Policing drugmakersThe FDAAA authorized the FDA to fine companies that fail to comply with post-approval requirements or charge them with misbranding, but the FDA seldom uses this

authority. The authors of the medical device study published in September found the FDA has never issued a warning letter, fined a company or withdrawn a device’s approval because of a manufacturer’s failure to meet deadlines or complete a post-marketing study. And Nature Medicine found only two instances of warning letters issued to pharmaceutical companies because of failure to begin or complete a post-approval study required under the FDAAA.
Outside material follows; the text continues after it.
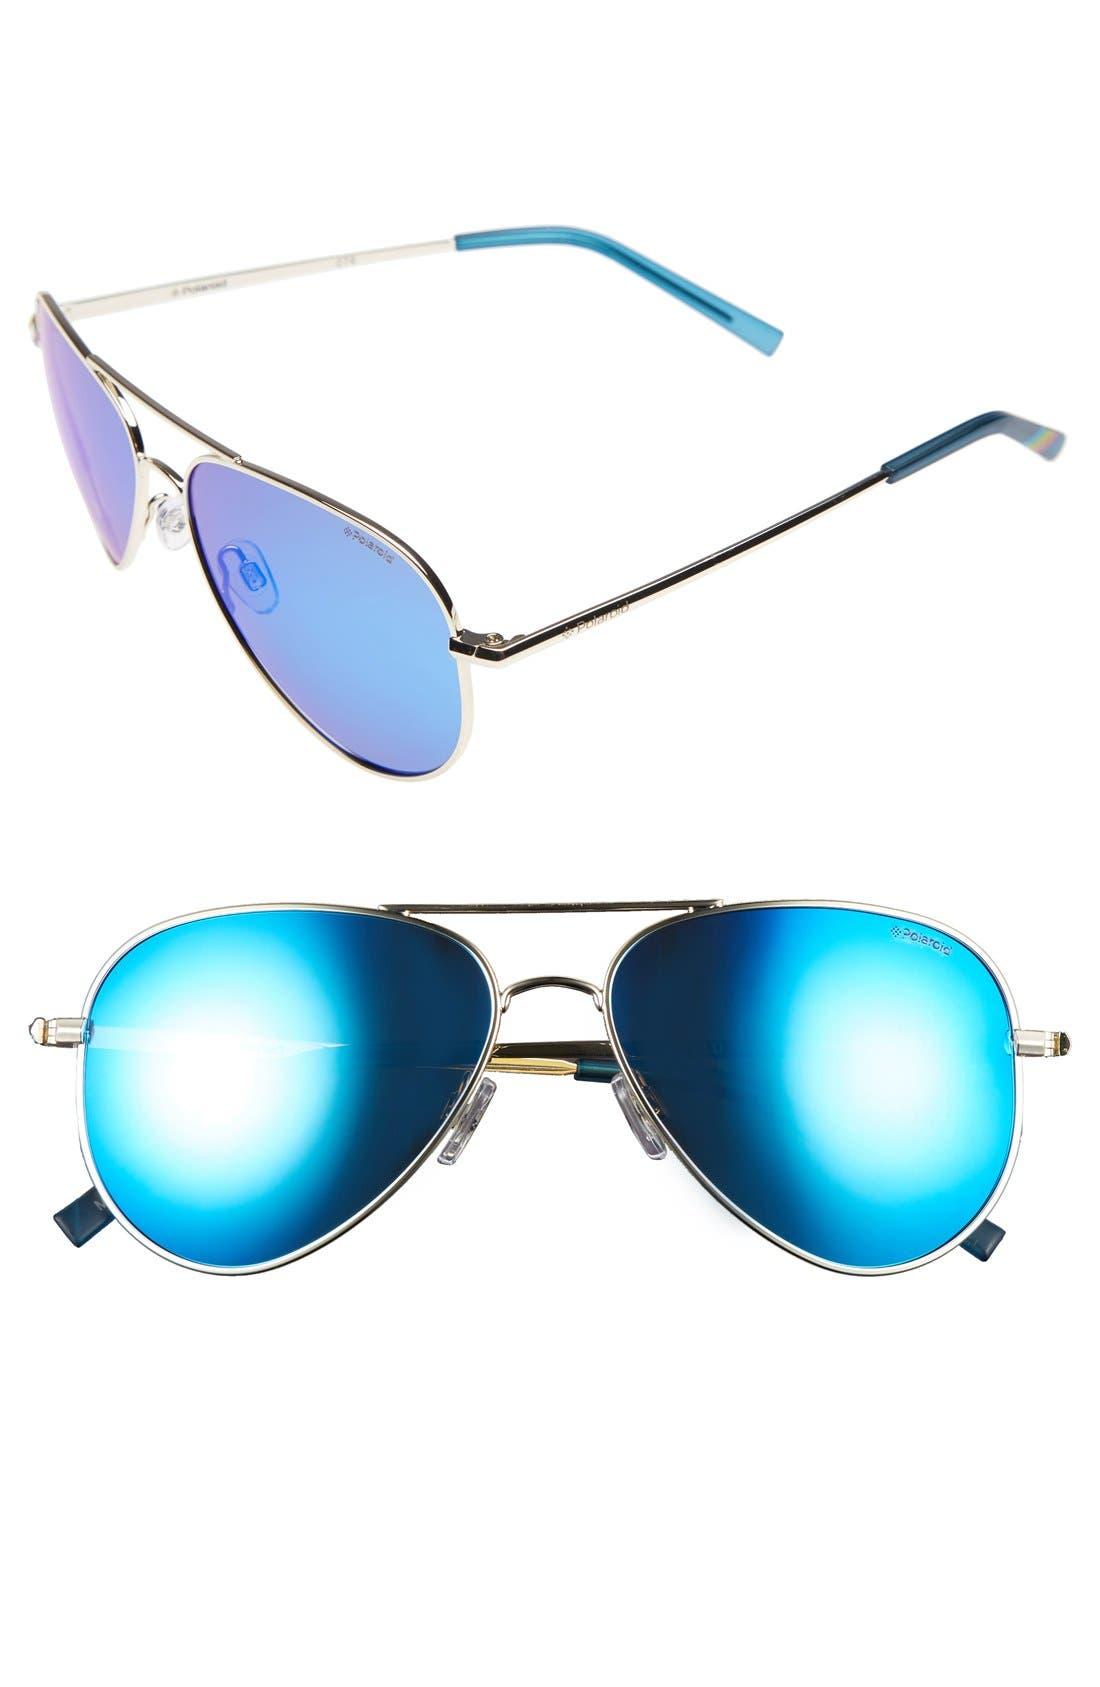 Main Image - Polaroid 6012/N 56mm Polarized Aviator Sunglasses

One of those went to Shionogi Inc., the New Jersey–based arm of a Japanese pharmaceutical company. In September 2012, the FDA notified the company that it would be required to conduct two clinical trials to identify an unexpected serious risk of heart problems associated with its pain medication Rybix ODT, a drug that was approved in 2005. The company told the FDA they did not intend to comply because the costs of the study “were not commercially justified based on the sales potential for Rybix.” Shionogi proposed that the FDA allow the company to sell down its remaining stock of the drug before pulling it off the market. In a warning letter sent last spring, the agency advised Shionogi that it was in violation of the FDAAA.
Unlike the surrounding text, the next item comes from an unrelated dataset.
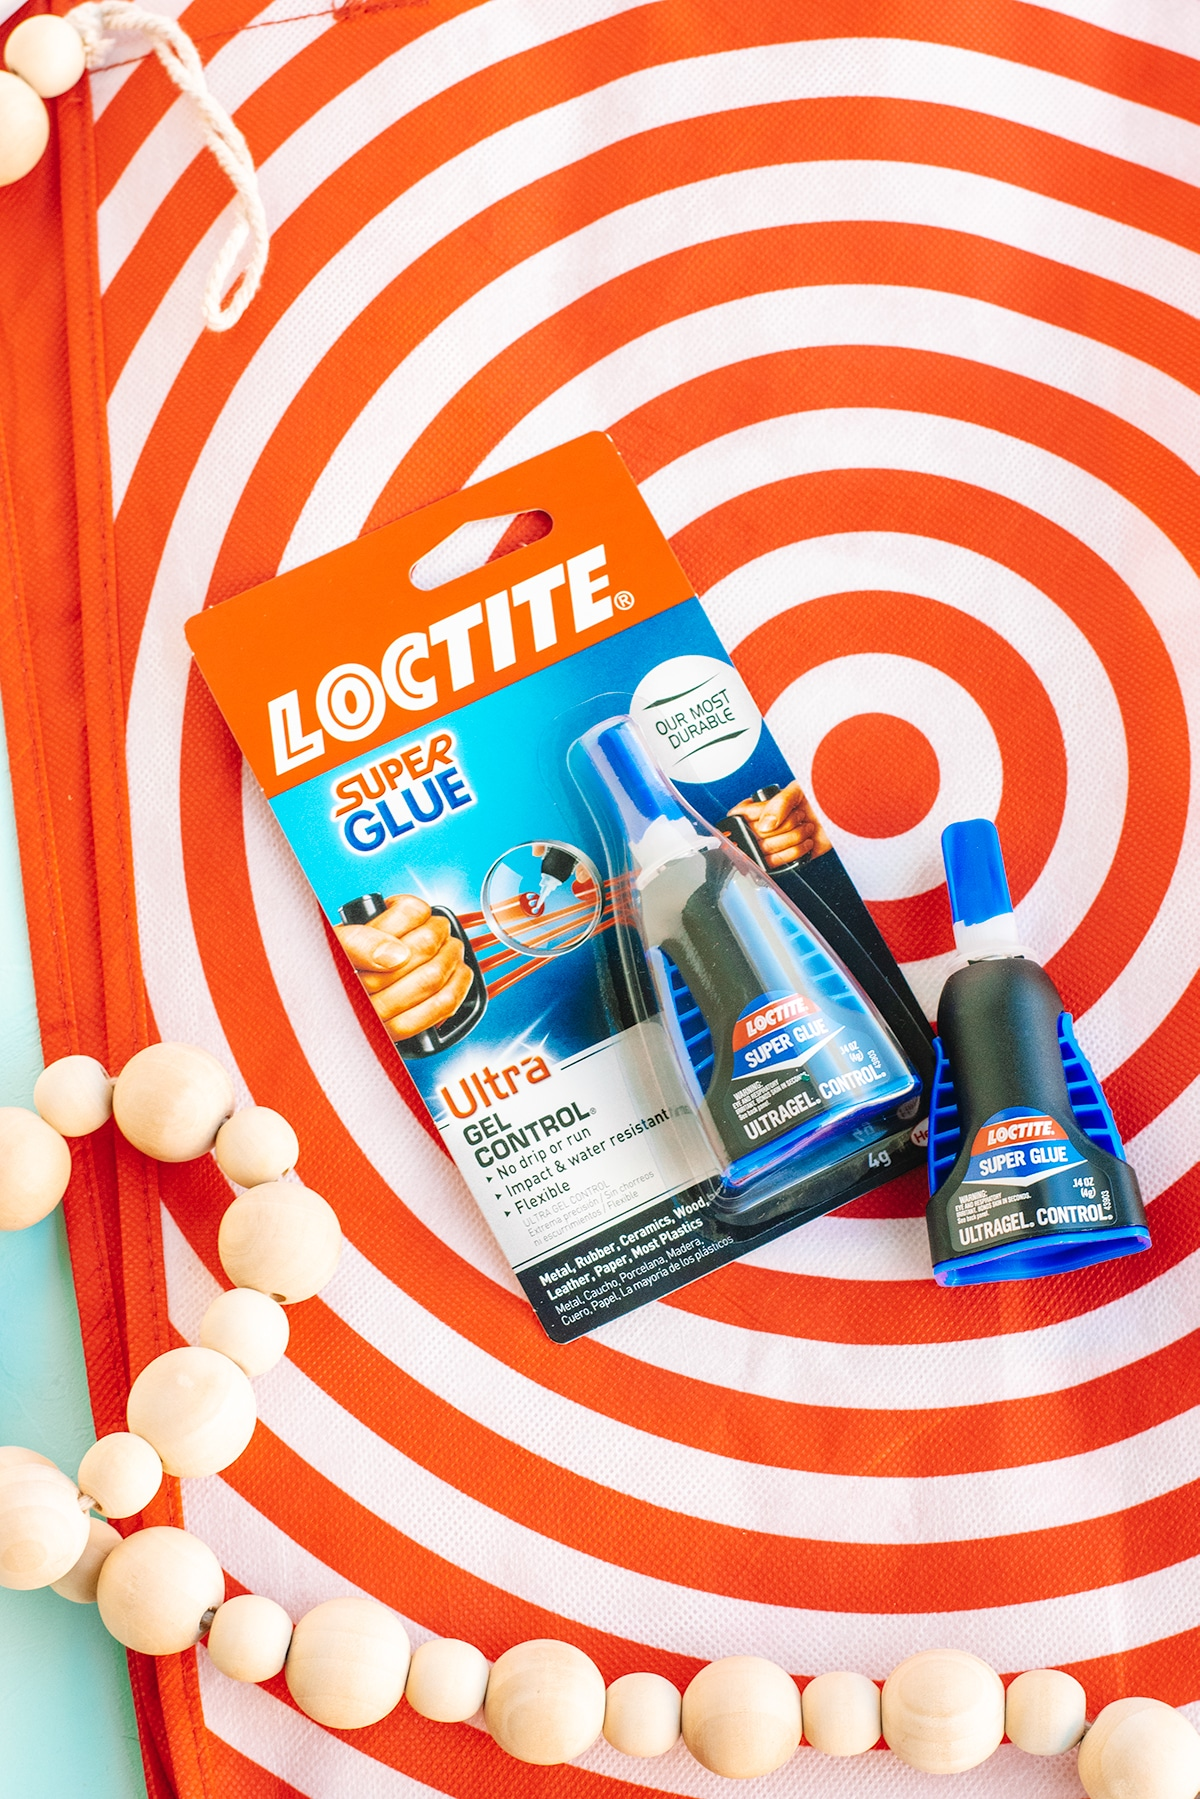 Loctite at target

A month and a half after the FDA sent the letter, the company discontinued Rybix. Shionogi did not comment on its reasons for doing so when contacted by Nature Medicine.

Kesselheim suggests that drugmakers might have more incentive to complete their post-approval studies if a drug’s or device’s approval automatically expired after a certain number of years unless the required post-approval studies had been completed. “But that would require a legislative amendment,” he says.

Even when manufacturers do complete their post-approval requirements, the data can be hard to come by. Two years ago, Alexander tried to gain access to the results of a post-marketing study by filing a US Freedom of Information Act request. The FDA told him his request could take several years to process and that the agency might not be able to fulfill it because the documents could contain proprietary information regarding the manufacturer’s risk mitigation efforts. The request for information remains unfulfilled, and without access to that kind of data, Alexander says, it’s impossible to assess whether the FDA’s risk mitigation strategies are helping to make drugs safer. “The jury is out not because the data isn’t there,” he says, “but because the data isn’t available for review and evaluation.”

Cassandra Willyard

1. Reynolds, I.S. et al. J. Am. Med. Assoc. Intern. Med. doi:10.1001/jamainternmed.2014.4194 (29 September 2014).

2. Fain, K., Daubresse, M. & Alexander, G.C. J. Am. Med. Assoc. 310, 202–204 (2013).

3. Downing, N.S. et al. J. Am. Med. Assoc. 311, 368–377 (2014).